***This is my final World Race blog!***
The setting I find myself in as I wake up and write this morning is a quiet apartment with clean carpet, a fridge full of food, a thermostat, and my own bathroom. I can’t decide if it feels like yesterday or a lifetime ago that I awoke to horses and buggies clopping down the road (Romania), freezing cold (Moldova), the sound of a river (Nepal), Muslim prayer calls (Tanzania), loud rap music (also Tanzania), laughing children (again, Tanzania), stifling heat (Thailand…and several other countries), the buzz of bugs around my face (Cambodia), or the honk of motos (Vietnam). While my current situation is more comfortable, I miss the heck out of those alternative ways of being awakened.
Ten months ago I finished the world race. Nine months and two weeks ago I began my first year of medical school. The contrast is striking.
I re-adjusted to life in the states quickly. I had to. Freak-outs were minimal, although a memorable one was when I went with my parents over Christmas break to use a gift card we had been given to an expensive restaurant. As I sat there and looked at the menu, all I could think about were the countless kids I had seen, played with, laughed with, and prayed for on the race that would likely never be able to experience a meal so extravagant. It took me all of four minutes to quietly ask my parents for the car keys and tell them that I would pick them up when they were done with the meal.
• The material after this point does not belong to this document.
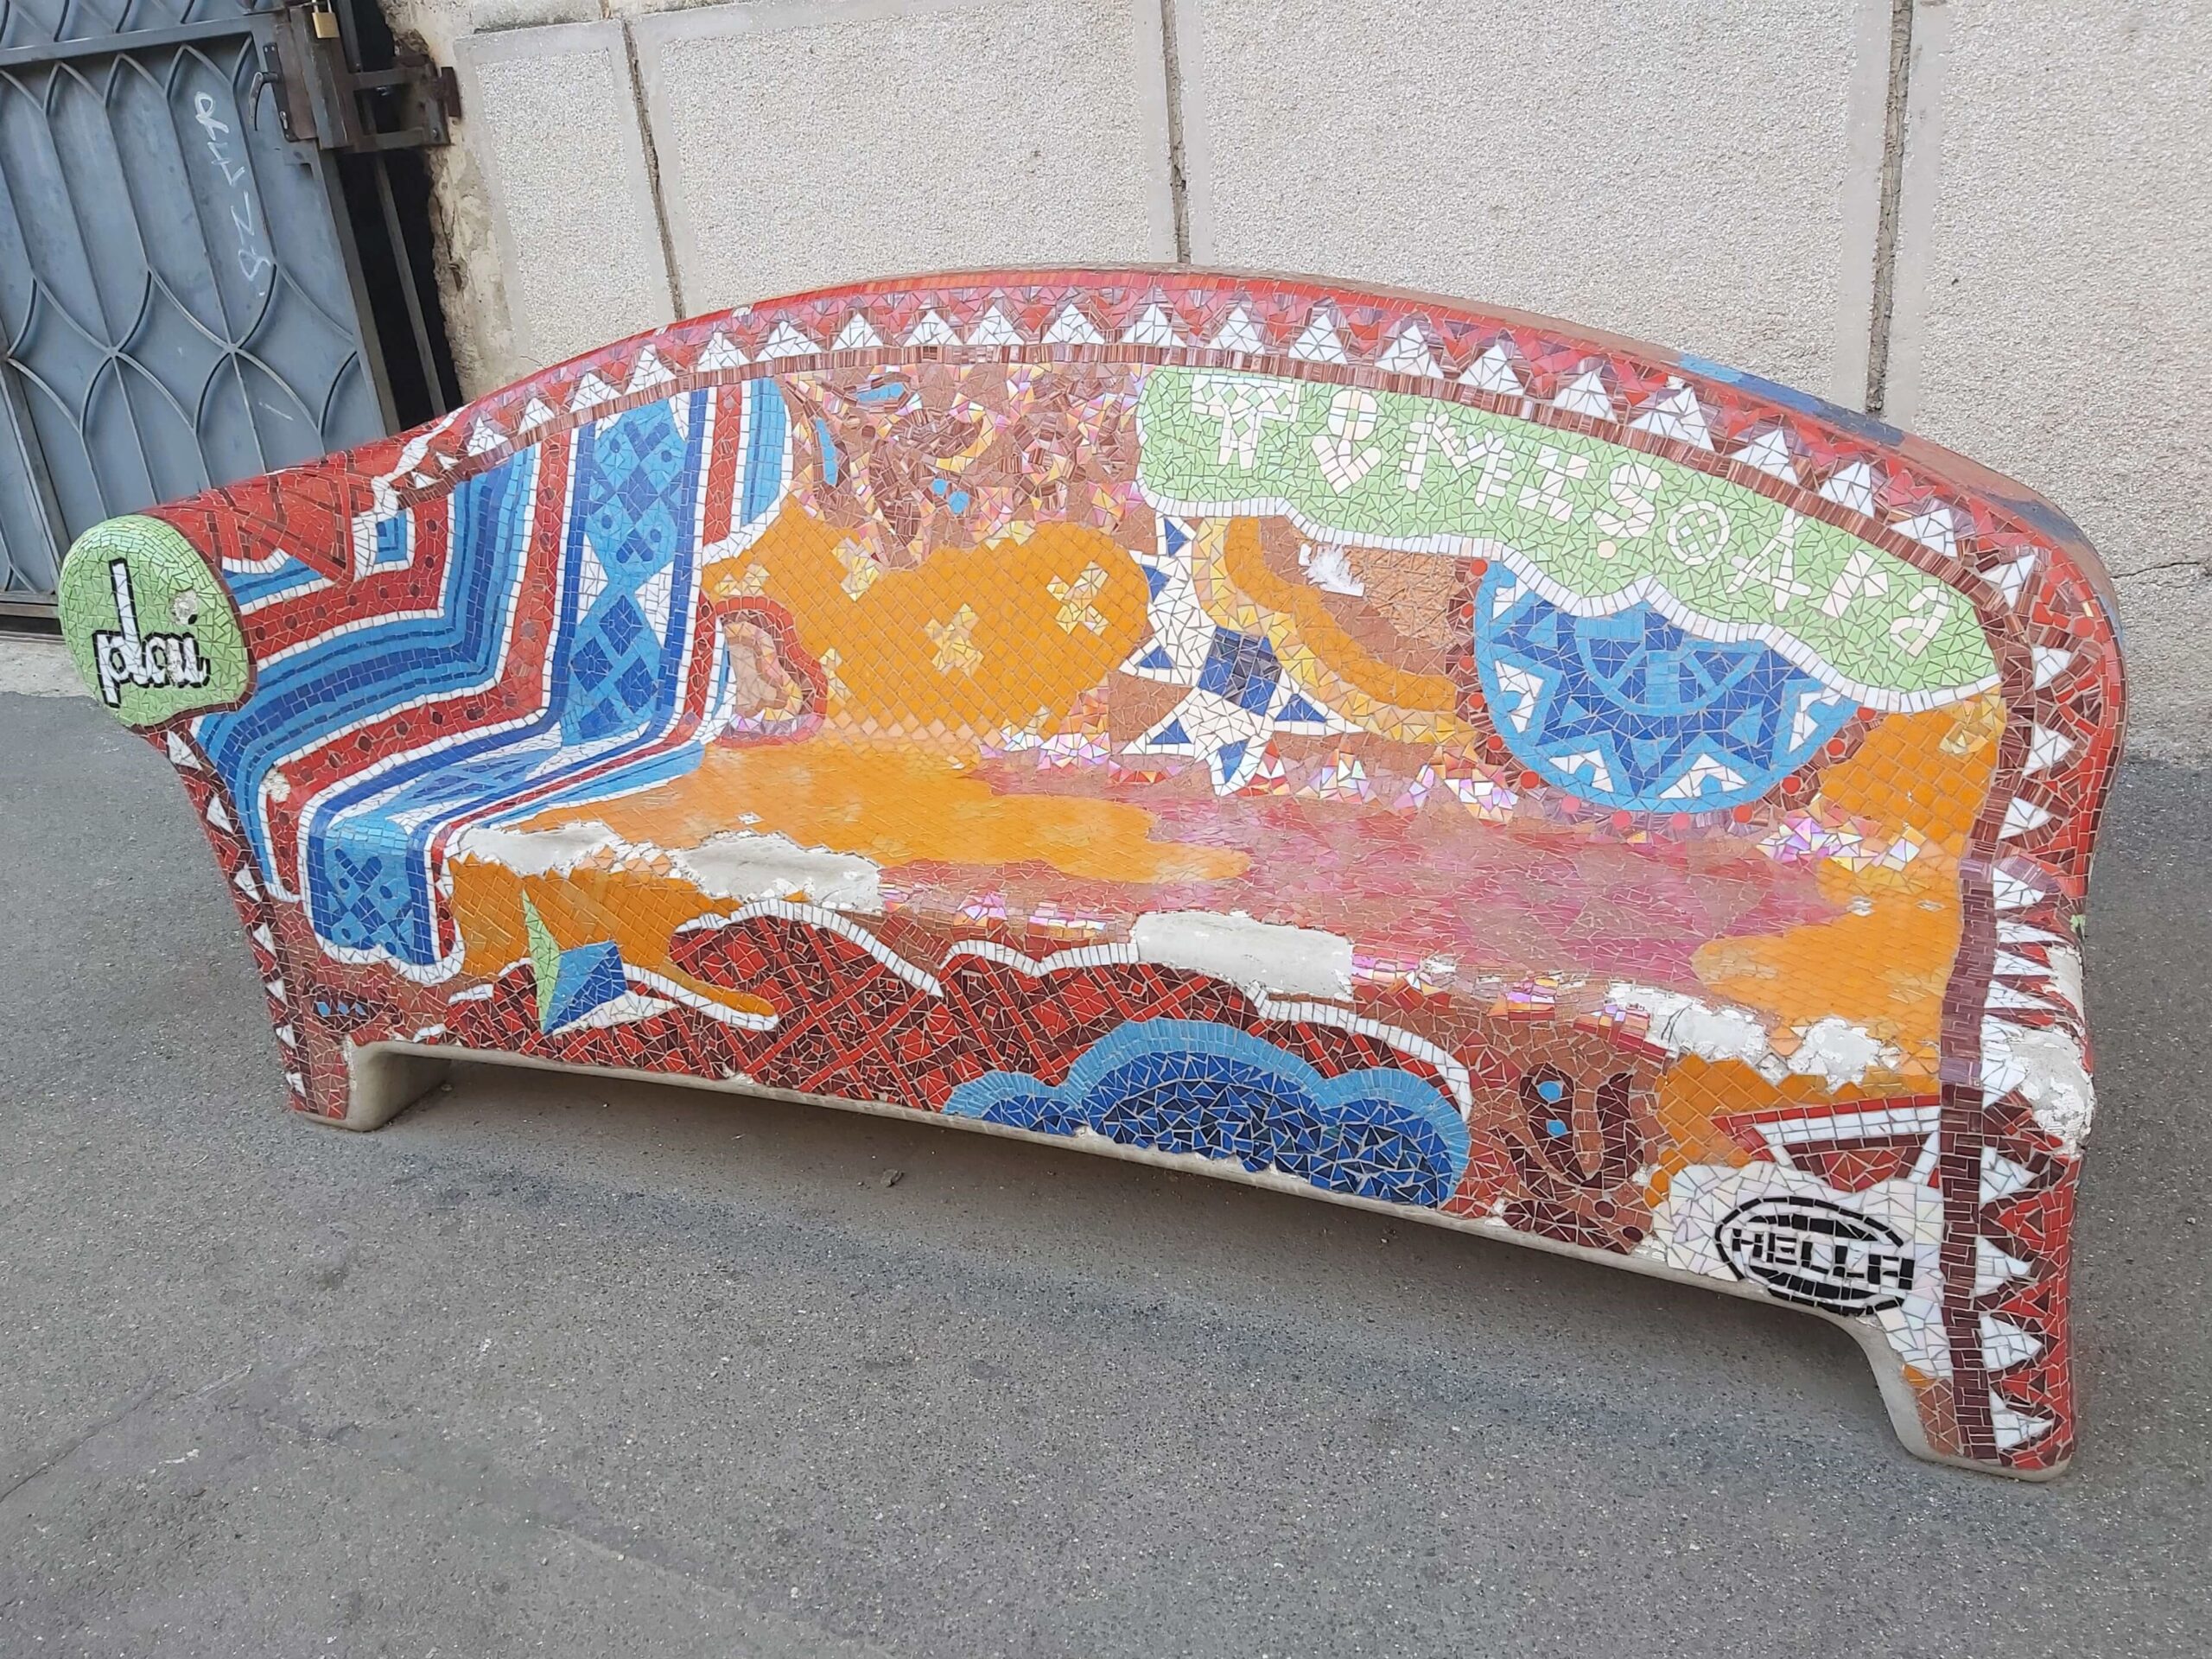 Colourful bench in Timisoara, Romania

The world race definitely changed me. It made me more laid back about things that don’t matter that much and increased my awareness of both the miraculous and the tragic that is currently happening in our world. While many memories and lessons from the race have stuck with me, I’m not sure if any has been more applicable than this:
Choose Joy.
It’s a phrase that was so overstated on our trip that we began to say it sarcastically. “Oh yeah, choose joy today everybody.” (Not always easy on the days that were spent hot, sweaty, hungry, dirty, and homesick) But this year, when I doubted if I was in the right place, and when I was hating the amount of studying that school demanded, or when I was having massive community withdrawals and feeling lonely…choosing joy was so important. Happiness is a choice that we get to live out every day. Many people live the entirety of their lives without realizing that NOTHING will satisfy and make them happy outside of the love of God. So every morning we can try to fill ourselves up with whatever the world can offer, and ultimately miss attaining satisfaction, or we can CHOOSE to fill ourselves with the Lord and bask in the JOY that He brings.
…The attitude we choose to have is more important than the facts of the situation we are in…
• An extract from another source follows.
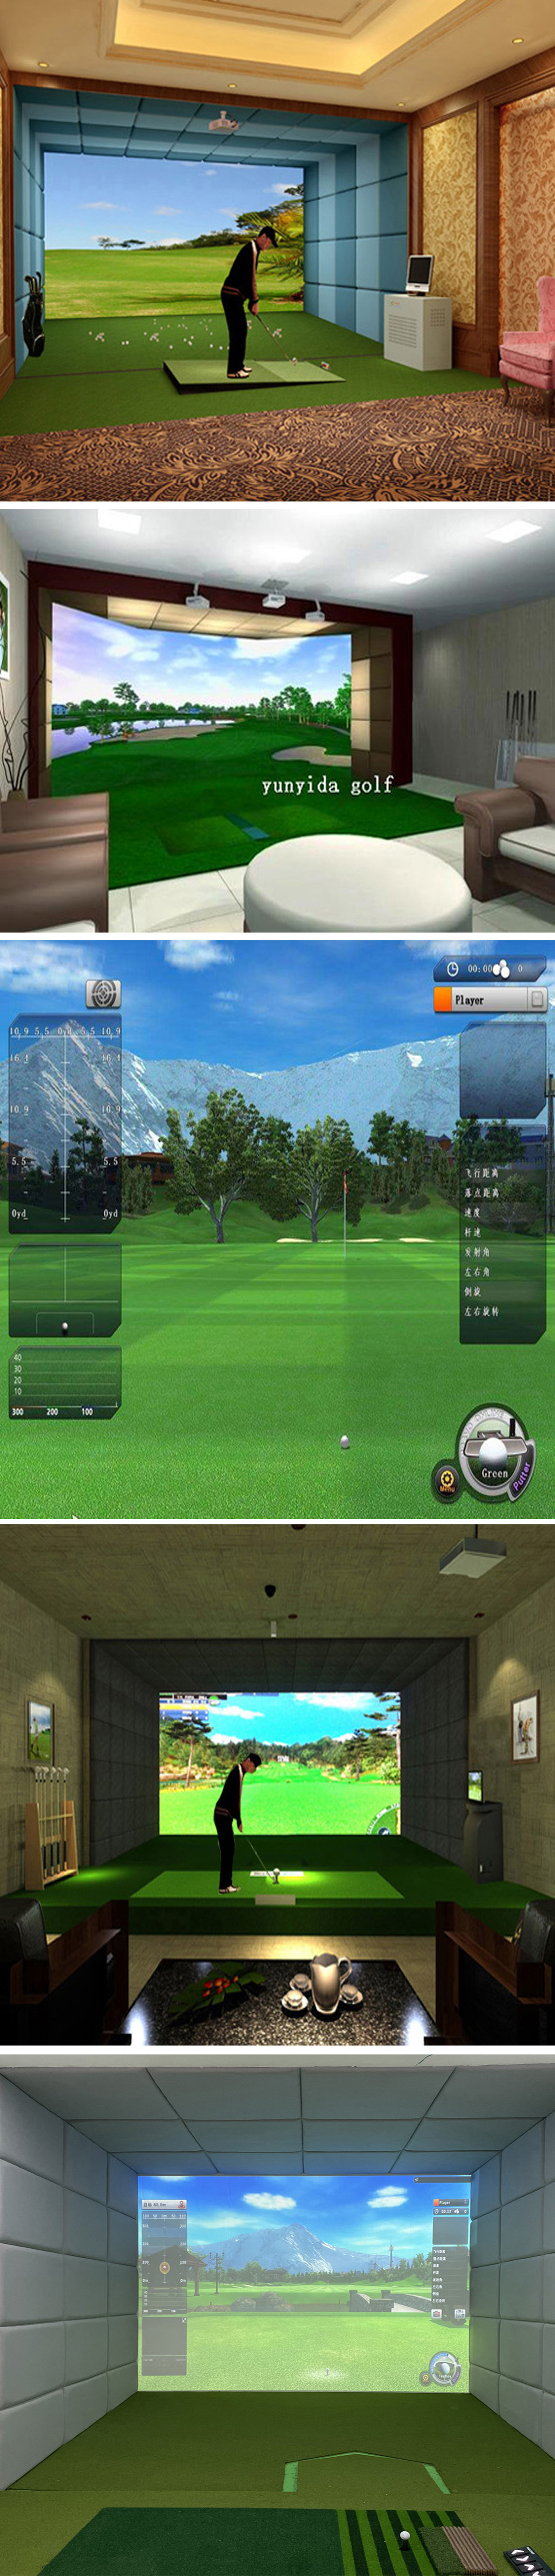 高尔夫模拟设备训练场 四.jpg

…In between every stimulus and response, we have a choice. In that choice lies our character, our faith, and changes the core of who we are, for better or worse…
This year got better as it progressed and I got more comfortable with the intensity of school and built up a friend base…I’m so grateful that the Lord gave me the gift of time management, because balancing school and personal life has gone well. And the vision of what’s to come and the doors that are opened through being a physician are more than enough motivation. I want my life to be extraordinary. More accurately, I yearn for God to use my life in a way that is impactful for the Kingdom and brings Him glory. I want to heal physically, and I want to heal spiritually. I have no desire to live a “typical” life, I crave to live adventurously and fully.
In two months, on the same day that I got back from the race in 2012, I will finish my Pathology 2 final and with it my first year of medical school. I will have 4 glorious weeks of summer break to rejuvenate while rafting up at Noah’s Ark, then it’s on to Med school year 2.
And I’m so excited.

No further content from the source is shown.